Как вспоминали их друзья, именно в этот период сам Баранов становился все более немногословным, большей частью в любой компании молчал. На приемах или вечеринках он обычно стоял рядом с Анной, жуя спелые виноградные ягоды или миндальные орешки, отвечая на вопросы рассеянно, односложно. Вдруг он начал худеть, и его уставшие глаза говорили о том, что он плохо спит по ночам, видит дурные сны. Стал опять писать по ночам, закрывая дверь на ключ, опуская ставни на окнах, и всю его громадную мастерскую освещала лишь лампа с гусиной шеей.

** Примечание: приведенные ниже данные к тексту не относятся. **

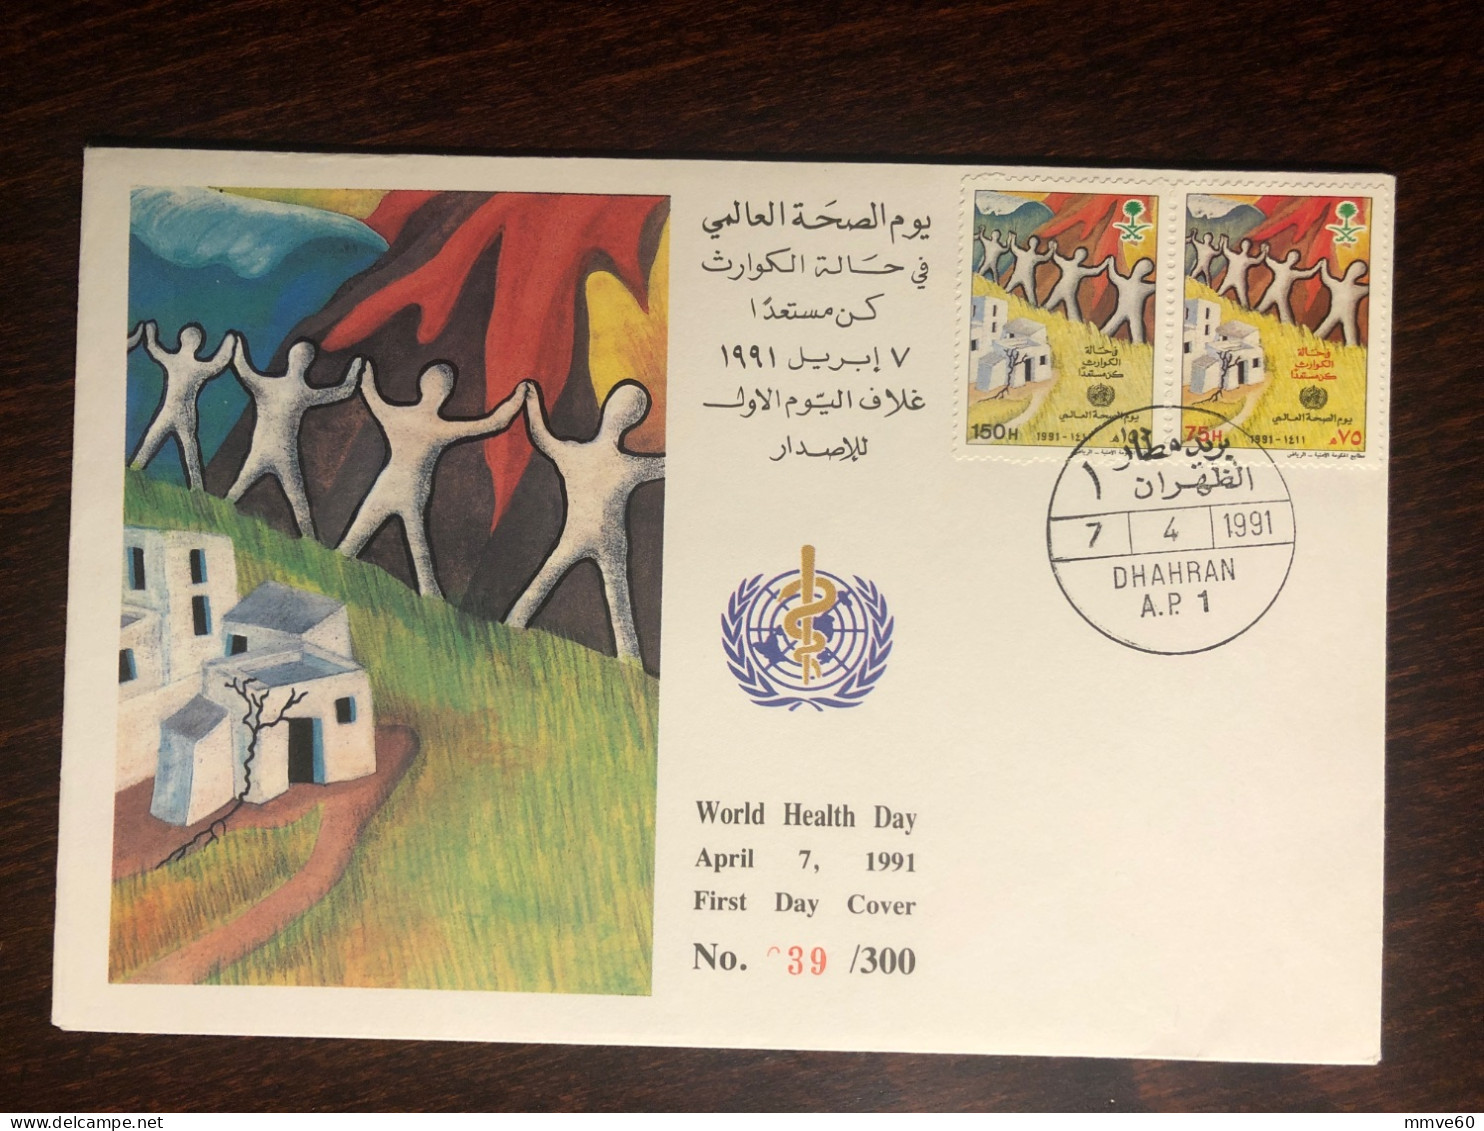 SAUDI ARABIA FDC COVER ONLY 300 ISSUED 1991 YEAR WHO HEALTH MEDICINE STAMPS - Arabie Saoudite

Для друзей Анны и самого Баранова стало большим сюрпризом появление новой обнаженной в зеленых тонах. Суварнин, который видел и оригинал, и новую берлинскую "ню", утверждал, что, вероятно, последняя куда лучше первой, хотя изображенная на полотне фигура, по крайней мере по своей концепции, вполне идентична.

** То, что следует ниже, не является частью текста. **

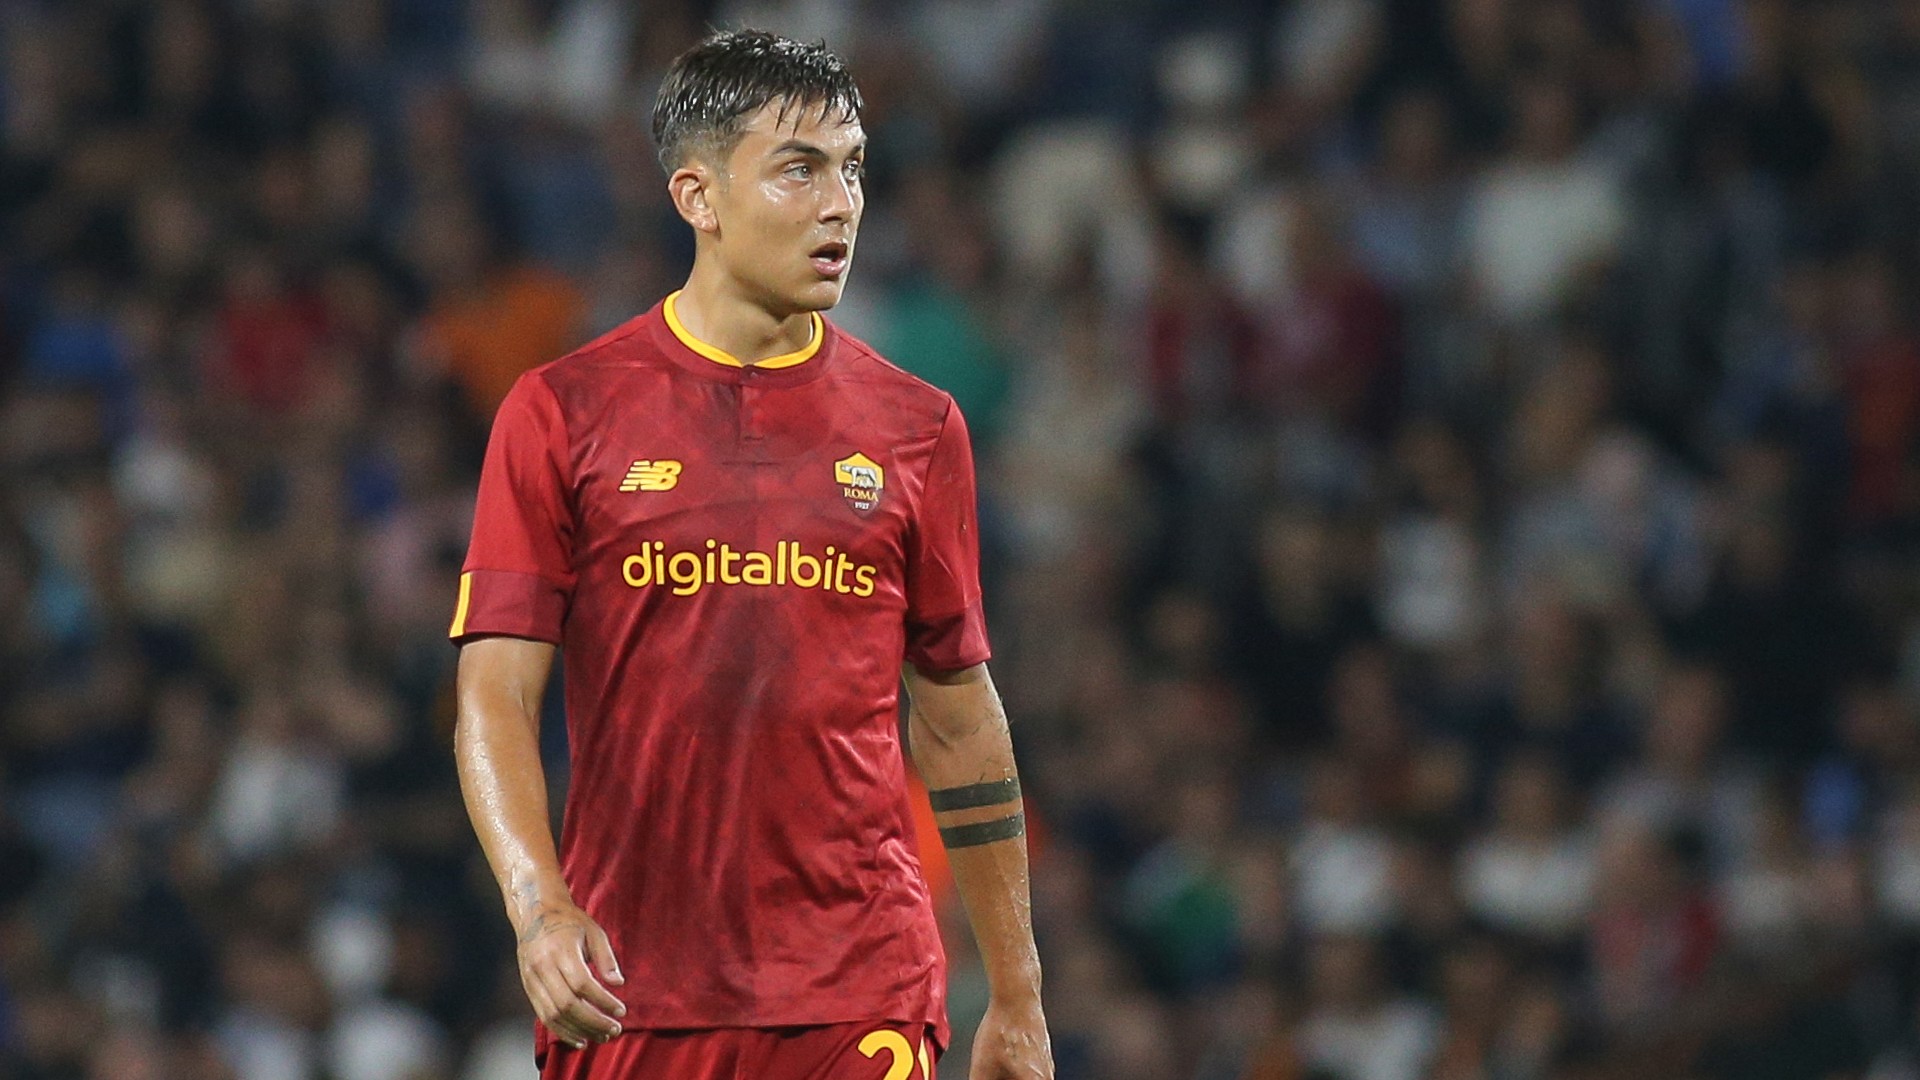 Capello compares Dybala to Roma legend Totti but says Abraham not yet on Batistuta's level

-- Страдание на твоем холсте,-- говорил Суварнин, который в это время работал в правительстве в качестве разъезжающего критика официальной государственной архитектуры (на этом посту, как вполне разумно считал он, совершенные в суждениях ошибки не столь заметны и не столь опасны, как это бывало у него при оценки живописи),-- проступает еще с большей силой, чем прежде, оно просто невыносимо. Оно героическое по характеру, гигантское, достигает божественных масштабов,-- ясно, что Баранов погрузился в темные подвалы отчаяния. Может, я так об этом сужу потому, что мне известны ночные кошмары, испытываемые художником, особенно тот, часто повторявшийся, когда ты, стоя в одной комнате с многочисленными без устали болтающими женщинами, не мог раскрыть рта, чтобы произнести хотя бы слово. Именно поэтому, возможно, у меня появилось сильное ощущение, что все это -- олицетворение всего человечества, оцепеневшего, бессловесного, впавшего в отчаяние, молча, но энергично протестующего против трагических перипетий жизни. Особенно мне понравился такой милый, совершенно новый нюанс -- обнаженный карлик-гермафродит, которого слева на переднем плане обнюхивает пара маленьких черно-бурых животных...

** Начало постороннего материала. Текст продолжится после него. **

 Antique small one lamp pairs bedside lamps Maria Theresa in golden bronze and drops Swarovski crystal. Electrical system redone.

Баранов, конечно, не был опрометчив и не торопился выставлять на обзор широкой публики свое новое творение. (Внутренняя необходимость, подвигшая его на создание вновь своего шедевра, получала свое полное удовлетворение после завершения картины, а тех пока еще не увядших воспоминаний о вреде, который он причинил себе с Анной, оказалось вполне достаточно, чтобы отбить любое тщеславное желание показать публично свое произведение в Берлине.) Но все произошло помимо его воли. Гестапо во время своих рутинных обходов домов и кабинетов людей, имевших обыкновение читать иностранные газеты (к сожалению, Баранов никак не мог отделаться от такой привычки), обнаружило зеленую обнаженную в тот день, когда Баранов ее закончил. Двое сыщиков оказались ребятами простыми, но в достаточной мере пропитанными национал-социалистской культурой, чтобы учуять здесь отступничество и ересь. Потребовав подкреплений, они организовали заградительный кордон вокруг дома и позвали начальника бюро, которое занималось этими вопросами.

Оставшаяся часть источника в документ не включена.